With the departure of the Ottoman governor, an Arab government in Beirut was announced. Samir Kassir observes that, while it was headed by Umar Da'uq, Salam remained the strong man who "presided over the ceremony at which the Arab colors were raised at the Sérail, on 6 October, before proceeding to the Shuwayfat Plain south of the city to welcome Shukri Ayubi, whom Faysal had named governor general of Beirut and Mount Lebanon. Receiving Ayubi the next day at his home in Musaytbeh, Salam requested that his friend Habib Pasha al-Saad, president of the dissolved administrative council of the Mutasarrifate, be allowed to serve as the governor of Mount Lebanon.
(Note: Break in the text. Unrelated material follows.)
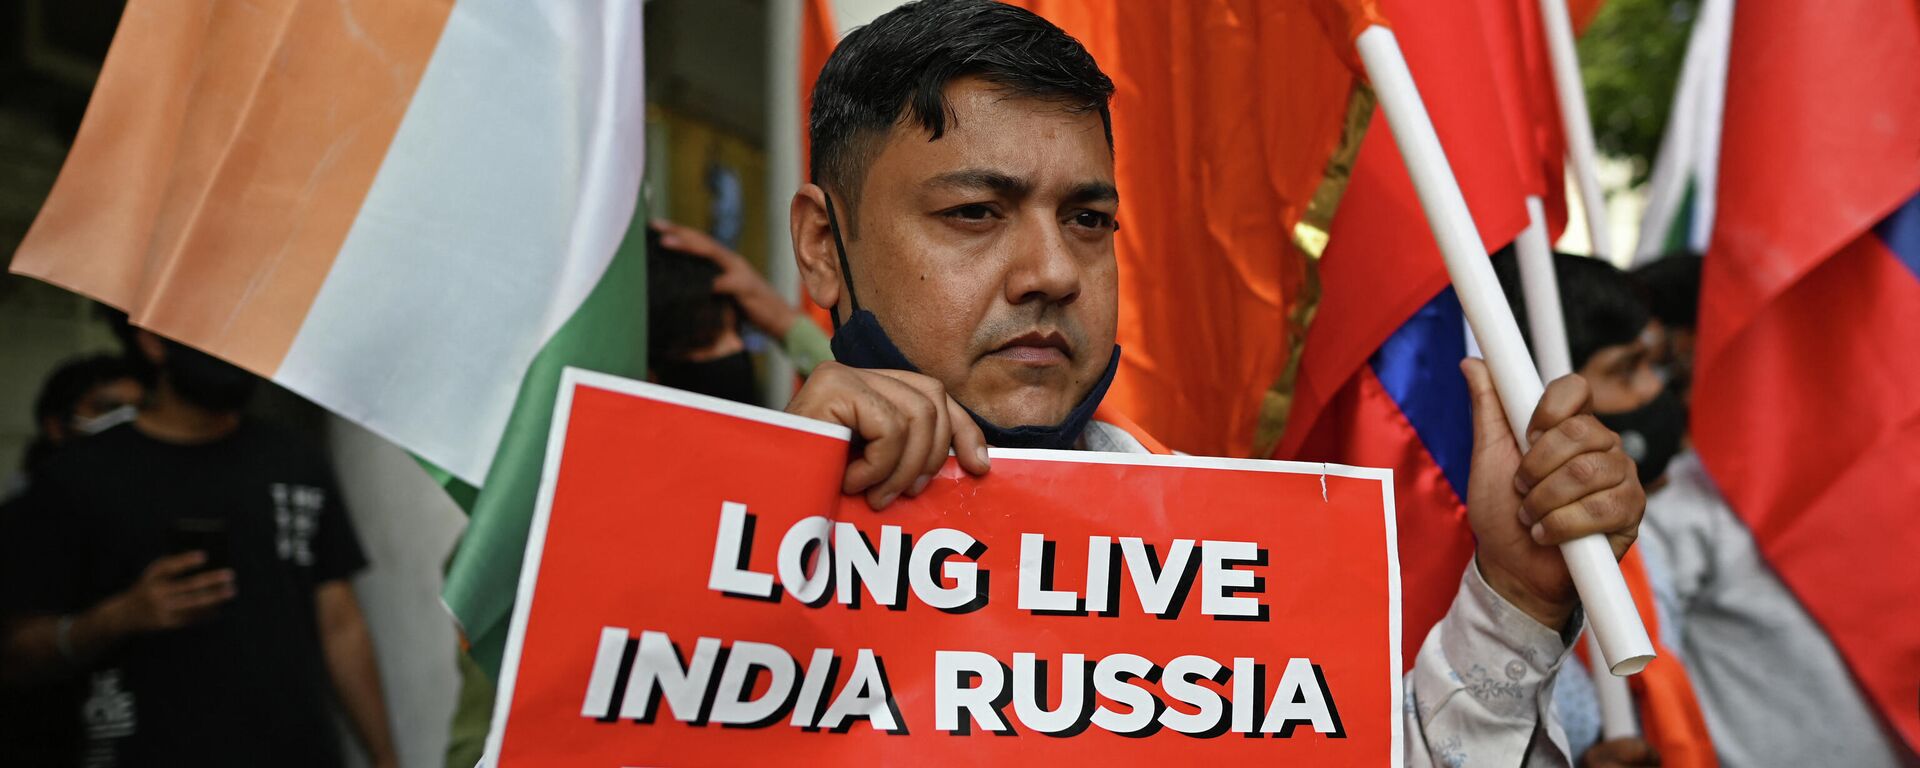 A supporter of Hindu Sena, a right-wing Hindu group, holds a placard as he takes part in a march in support of Russia during the ongoing Russia-West tensions on Ukraine, in New Delhi on March 6, 2022. - Sputnik International, 1920, 31.03.2022

Saad took an oath of allegiance to Faysal during an investiture ceremony that took place later the same day at the Seraglio of Baabda before the hoisting of the Arab colors there." But on 10 October, the French army entered the city of Beirut, assumed control of the government, and took down the Arab flag.
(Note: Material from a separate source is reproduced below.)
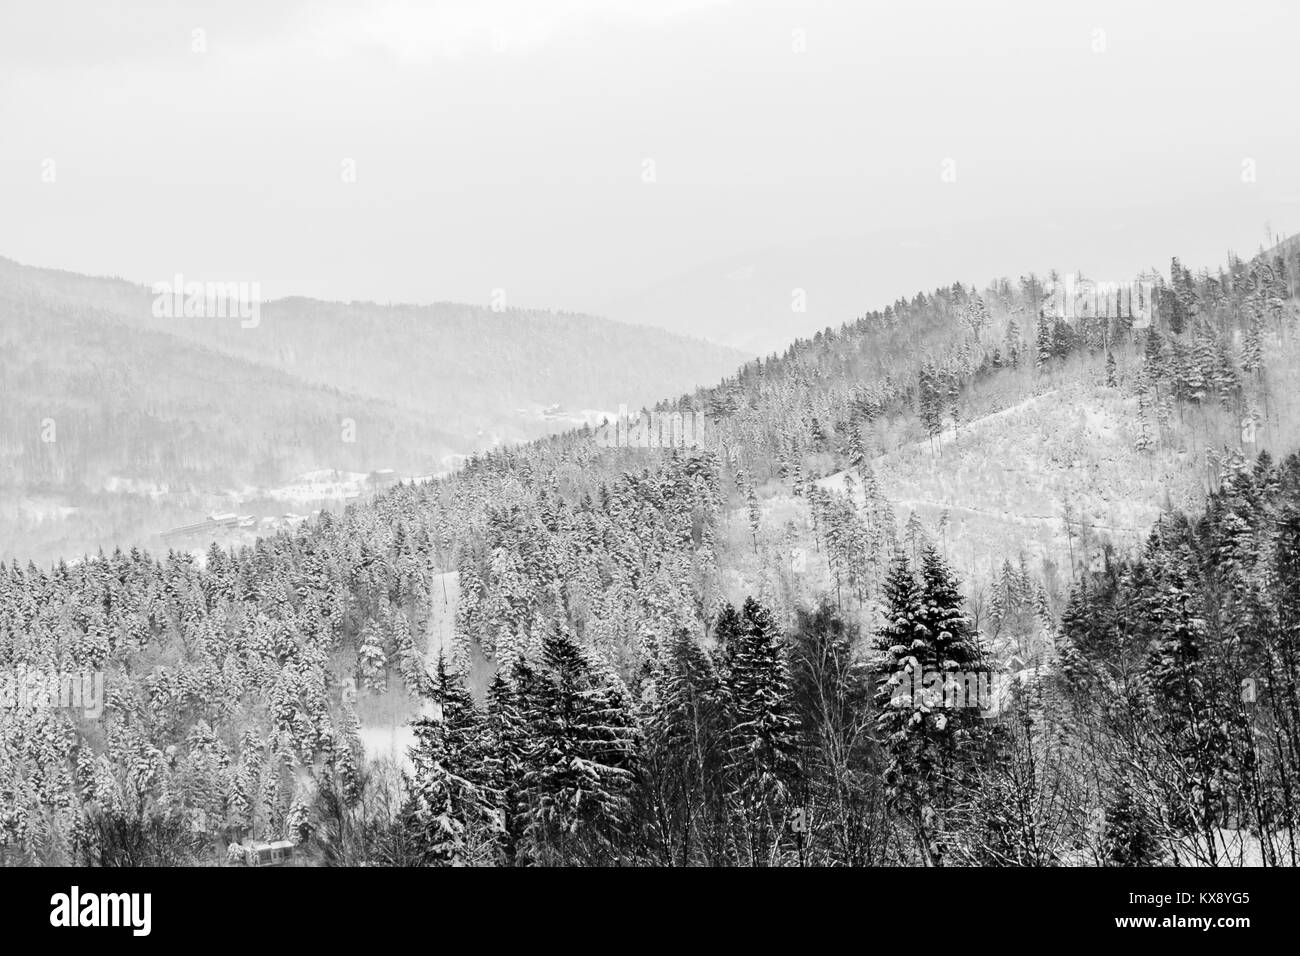 Landscape view on a Beskid mountains in Szczyrk covered in white snow Stock Photo

As an outspoken opponent of the French mandate, Salam was arrested twice: once in 1919 when he was imprisoned for 4 months, and a second time in 1922, when he was sent into exile to the village of Douma in northern Lebanon for 5 months.

He organized two popular assemblies, "The Conferences of the Coast and the Four Districts" (Mu'tamarat Al-Sahel), in November 1933 and March 1936, denouncing French rule and calling for independence and Arab unity.